Kinetics and thermodynamics of adsorption on hydroxyapatite of the [160Tb]terbium complexes of the bone-targeting ligands DOTP and BPPED.

The temperature-dependent adsorption on hydroxyapatite (HAP) of the Tb complexes of two macrocyclic DOTA-like ligands containing HAP-binding phosphonate groups was studied by a radiotracer method using 160Tb as the label. One ligand (DOTP) contains four separate phosphonate groups, while the second ligand (BPPED) contains a single bisphosphonate group coupled via a phosphinate spacer group. The equilibrium isotherms were fitted by models according to Langmuir, Freundlich, Langmuir-Freundlich, Toth, and Dubinin-Radushkevich, with the Langmuir-Freundlich and the Toth models resulting in the best fits.
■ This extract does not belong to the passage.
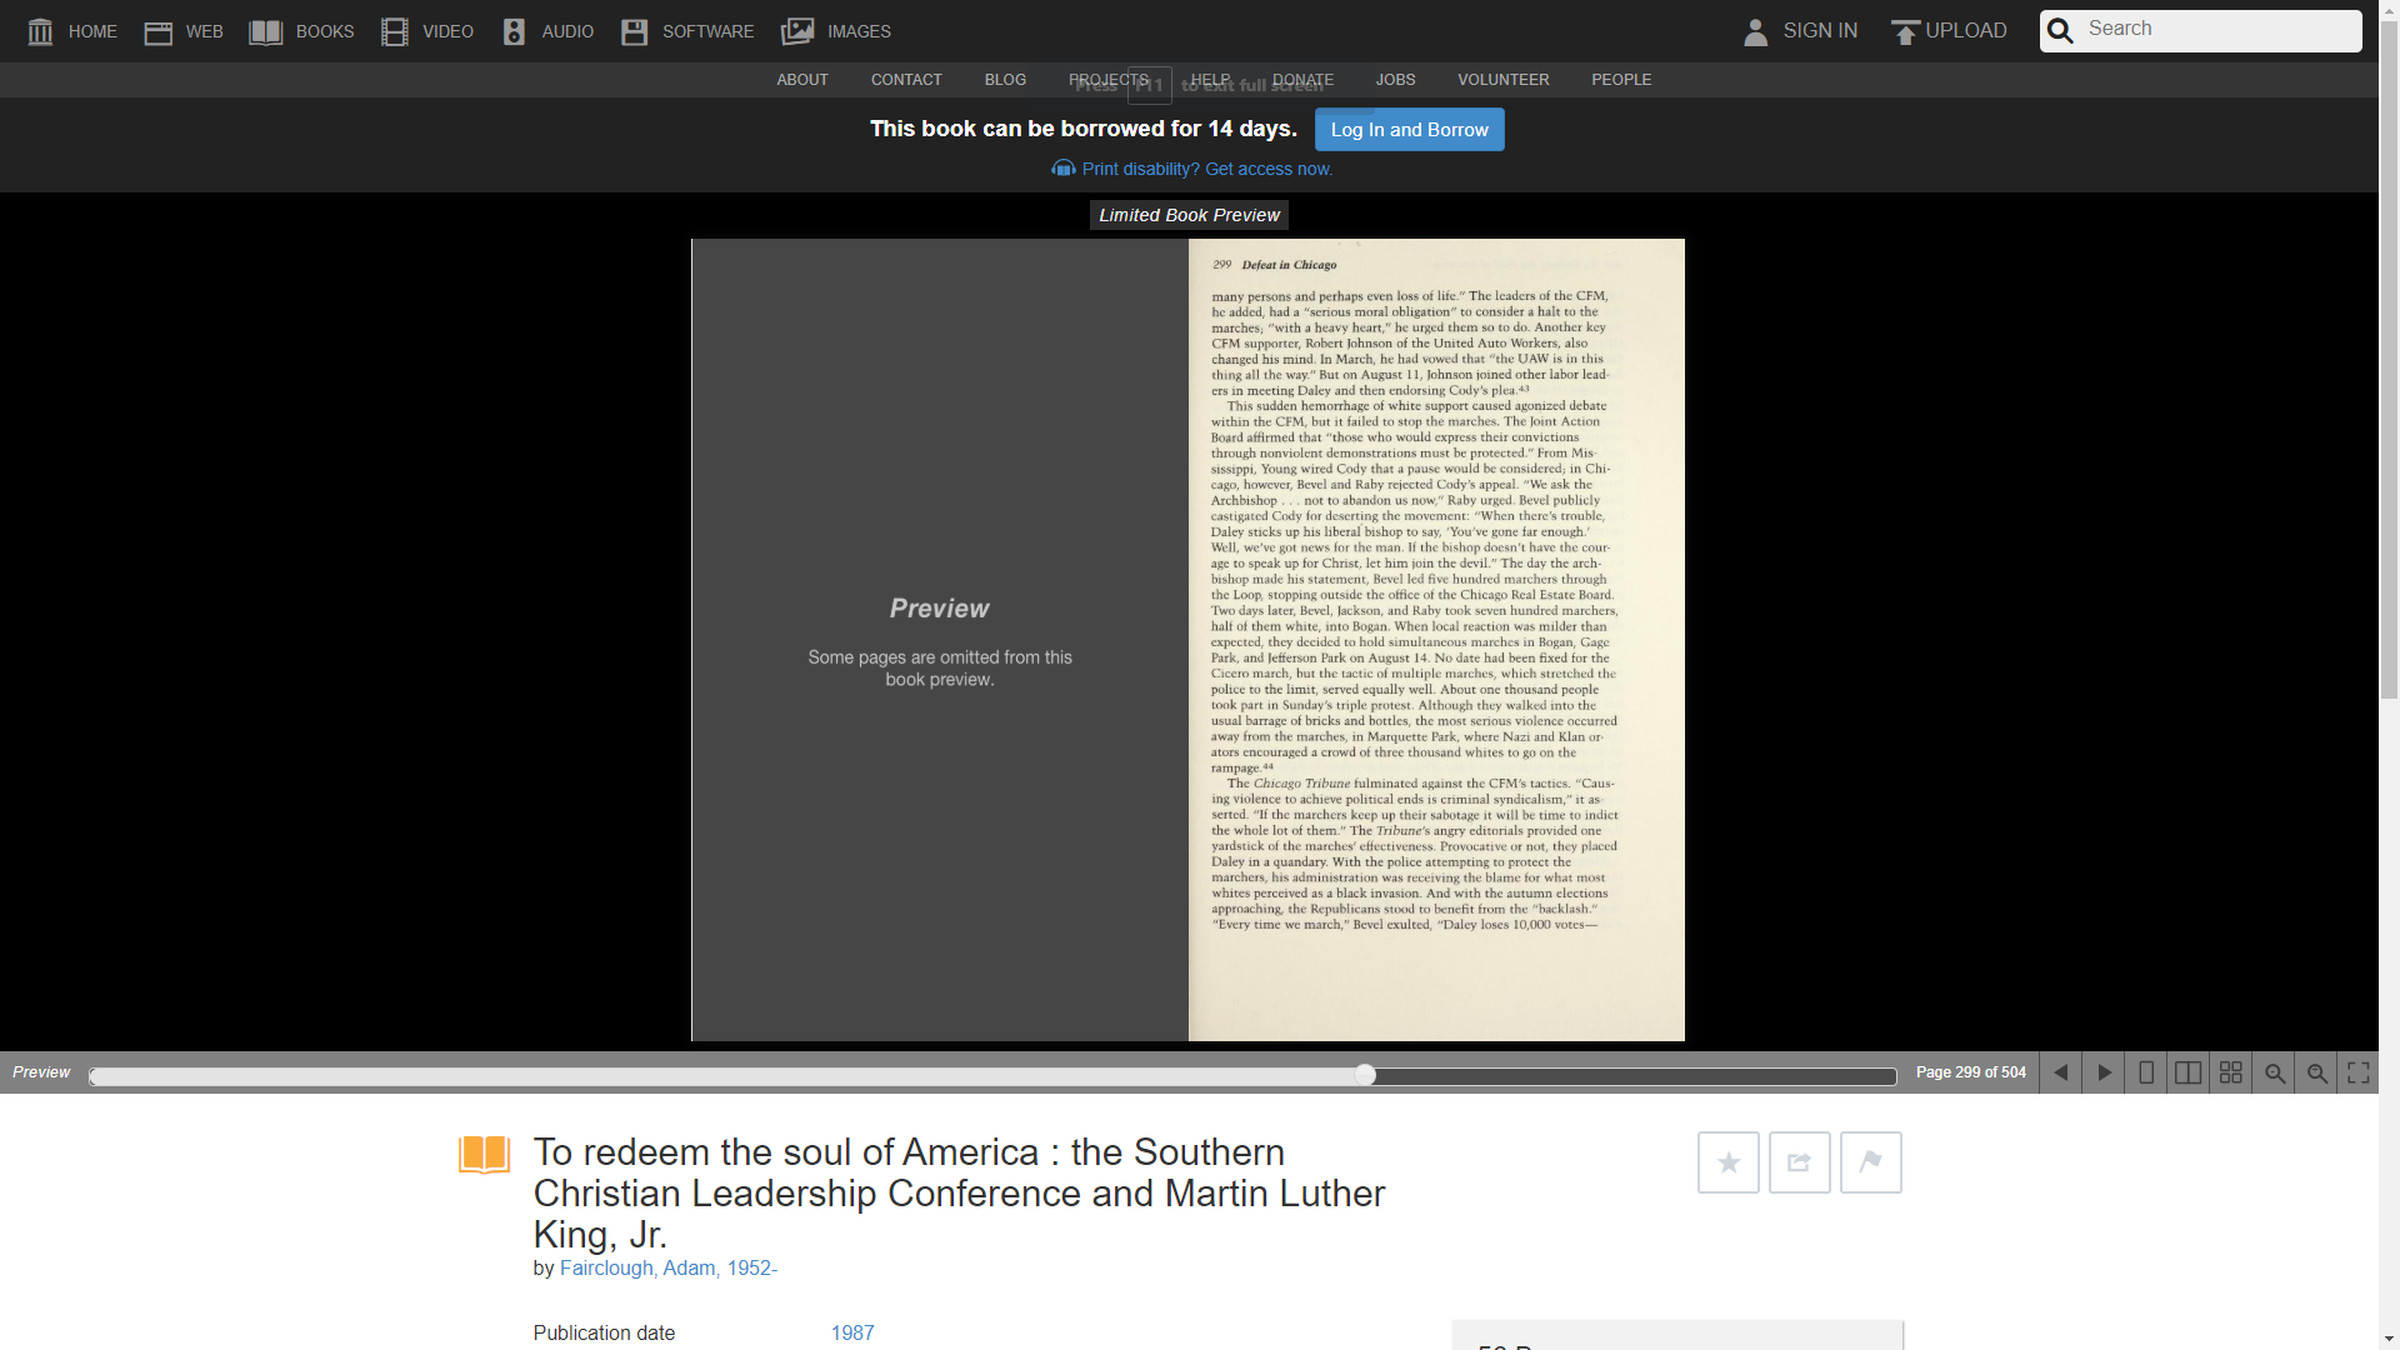 Clicking a compatible citation (for example, from Martin Luther King’s Wikipedia page), brings you to a two-page preview of the book from the Internet Archive.

These models take into account the energetic surface heterogeneity of HAP for the binding of the complexes, which was confirmed by the dependence of the reversibility of the adsorption on the complex concentration. The affinity of the Tb-BPPED complex toward the HAP surface was substantially higher than that of the Tb-DOTP complex. Thermodynamic parameters obtained from the temperature-dependence of the adsorption and the Van't Hoff relation showed that the adsorption of both complex types is endothermic and entropy-driven, due to dehydration of the complex and the HAP surface during adsorption. The kinetics of the adsorption were very fast, and of the tested models (pseudo-first-order, pseudo-second-order, intraparticle diffusion, and Elovich) only the Elovich model described the experimental data suitably. The activation energy of the adsorption was calculated by application of an Arrhenius-type relation, showing chemisorption for both complex types. Adsorption rates were reduced when HAP with larger particle size was used.